Quote from cstu:
Still a lot of misinformation on this thread. I will try to answer this later but Don is not entirely correct but if it helps to clear anything up market sell orders do take precedence over limit on the opg and on the close. But the reasons are quite logical and different than what is being explained.
If we have some examples, I would be glad to explain. I will say though that the one price opg and close is perhaps the most fair aspect of the exchange so...
I don't get it. The single price implies to me that there
is no precedence issue.
Take the short-sale out of the question and see if we can agree on this one:
Example 1:
6 different orders sent at 09:15 ET:
Buy 200 IBM MKT OPG
Buy 200 IBM MKT DAY
Buy 200 IBM LMT 82.00 OPG
Buy 200 IBM LMT 82.00 DAY
Buy 200 IBM LMT 83.00 OPG
Buy 200 IBM LMT 83.00 DAY
IBM closed at 80.24, and the spec expects to open on about 90,000 shares at 80.50.

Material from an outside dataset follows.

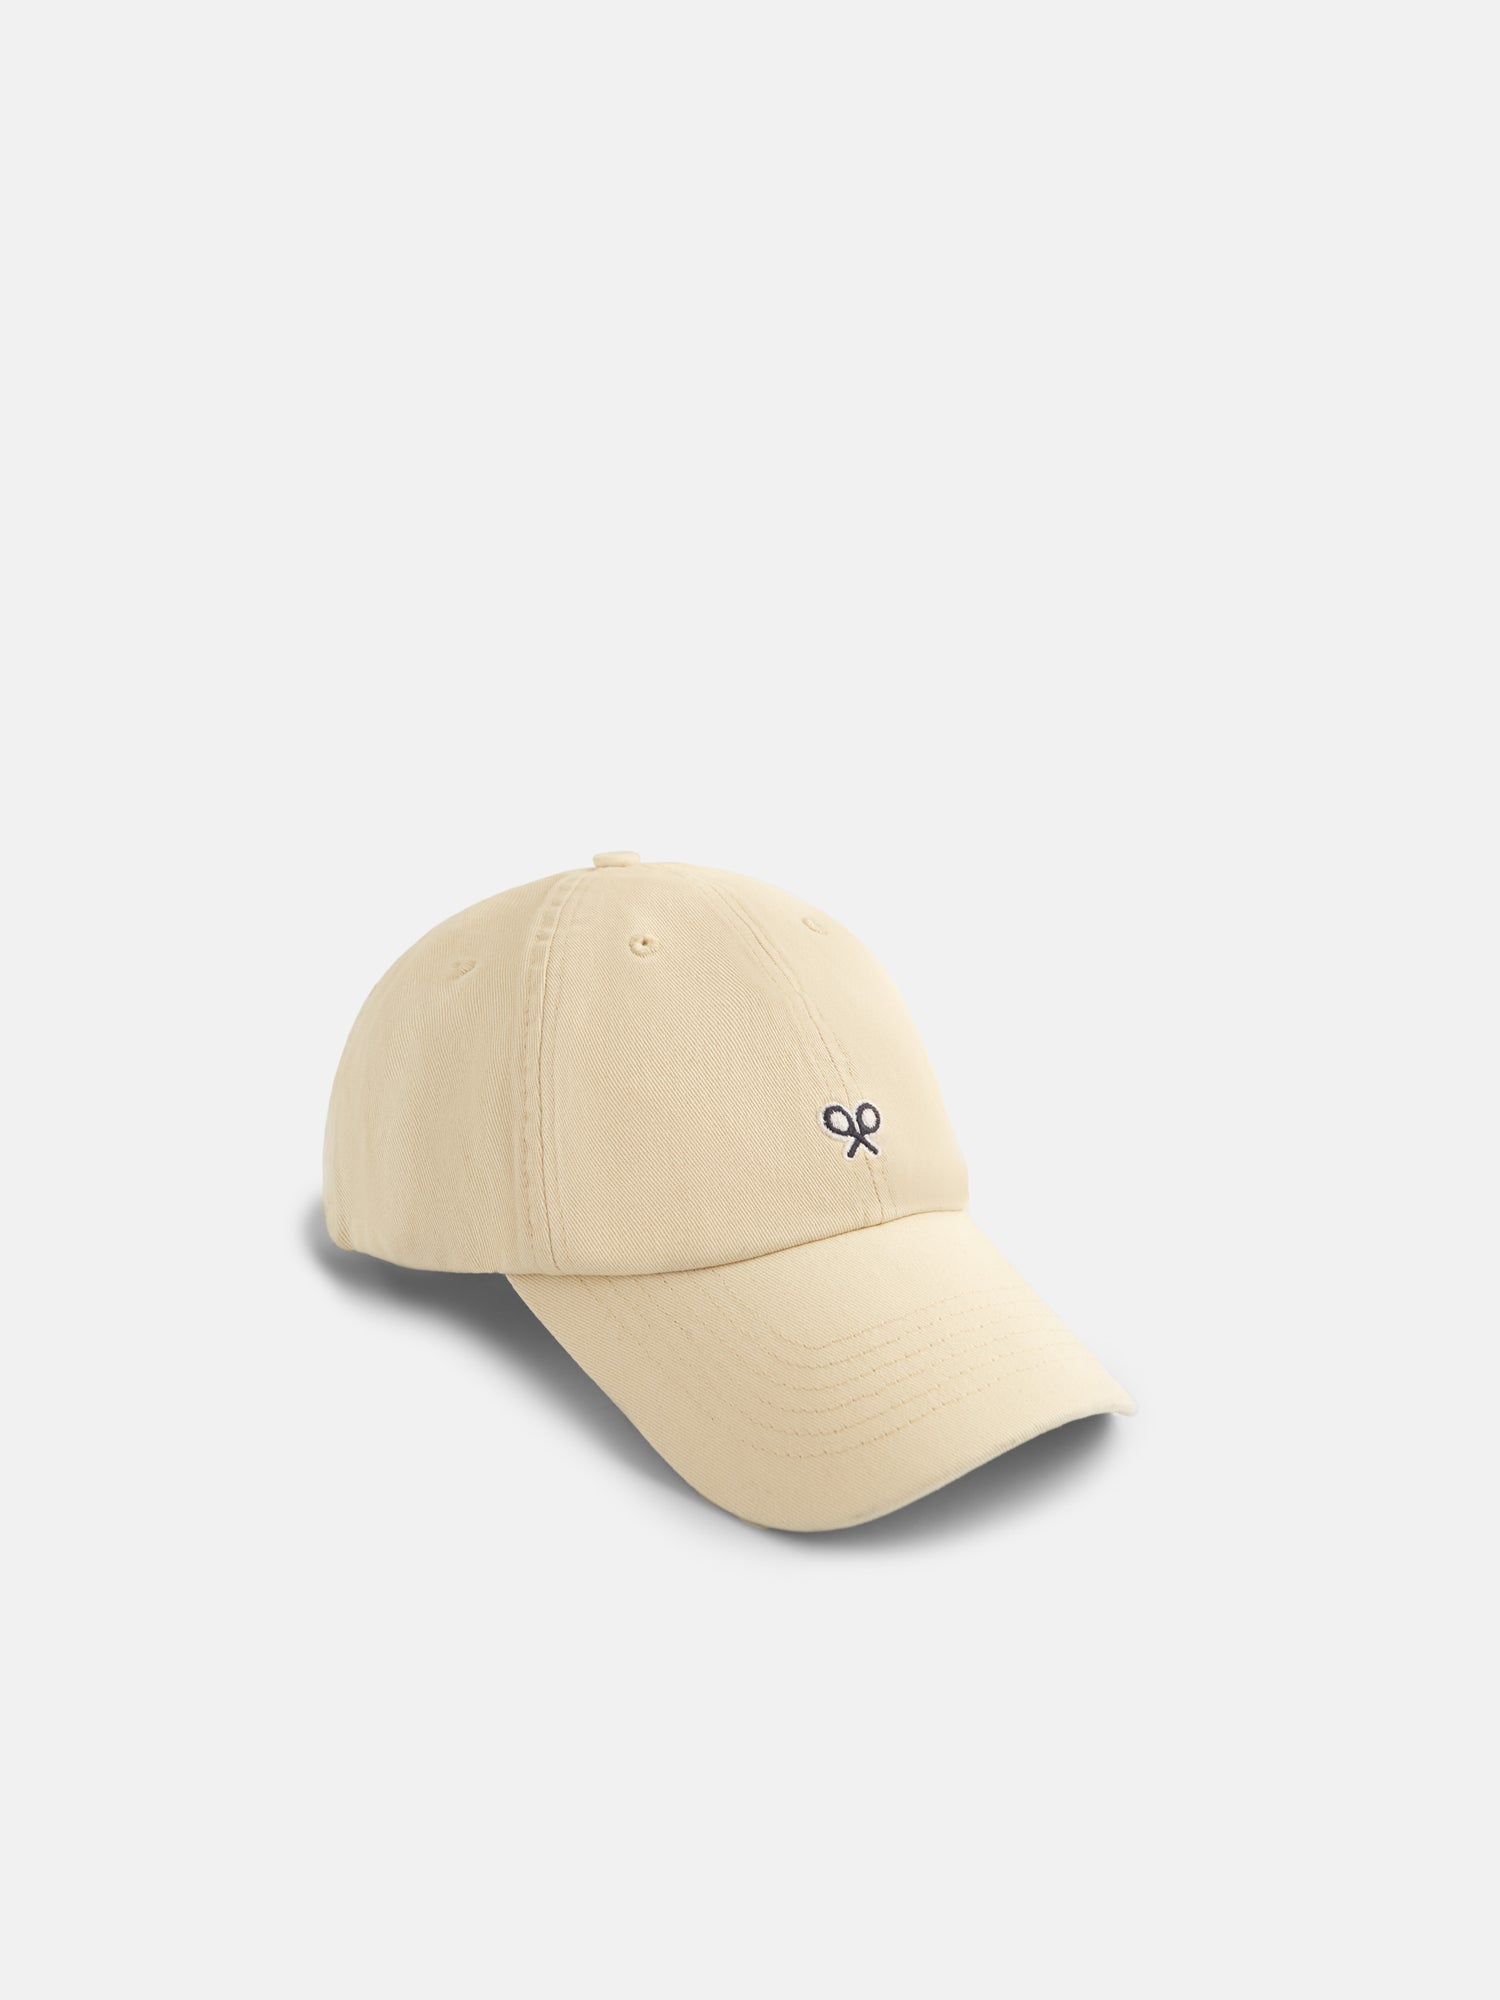 Plain light beige racquet cap

Is there any reason why all 6 of these (marketable) orders would not be executed if the stock opens at 80.50? How can there be any precedence when they are all effectively marketable and guaranteed a fill?
Now, Example 2:
6 different orders sent at 09:25 ET:
Sell Short 200 IBM MKT OPG
Sell 200 IBM MKT DAY
Sell 200 IBM LMT 80.00 OPG
Sell Short 200 IBM LMT 80.00 DAY
Sell Short 200 IBM LMT 79.00 OPG
Sell 200 IBM LMT 79.00 DAY
IBM closed at 80.24, and the spec expects to open on about 90,000 shares at 80.50 (an uptick).
Is there any reason why all 6 of these (marketable) orders would not be executed at 80.50 if that is the opening price? How can there be any precedence when they are all effectively marketable, uptick-qualified, and guaranteed a fill?
Examples 3, 4:
Do the same things as 1 and 2 at 15:30 ET, subbing CLO for OPG. Assuming the close is 80.50 and that is a 0-plus tick, is there any way they don't all get filled?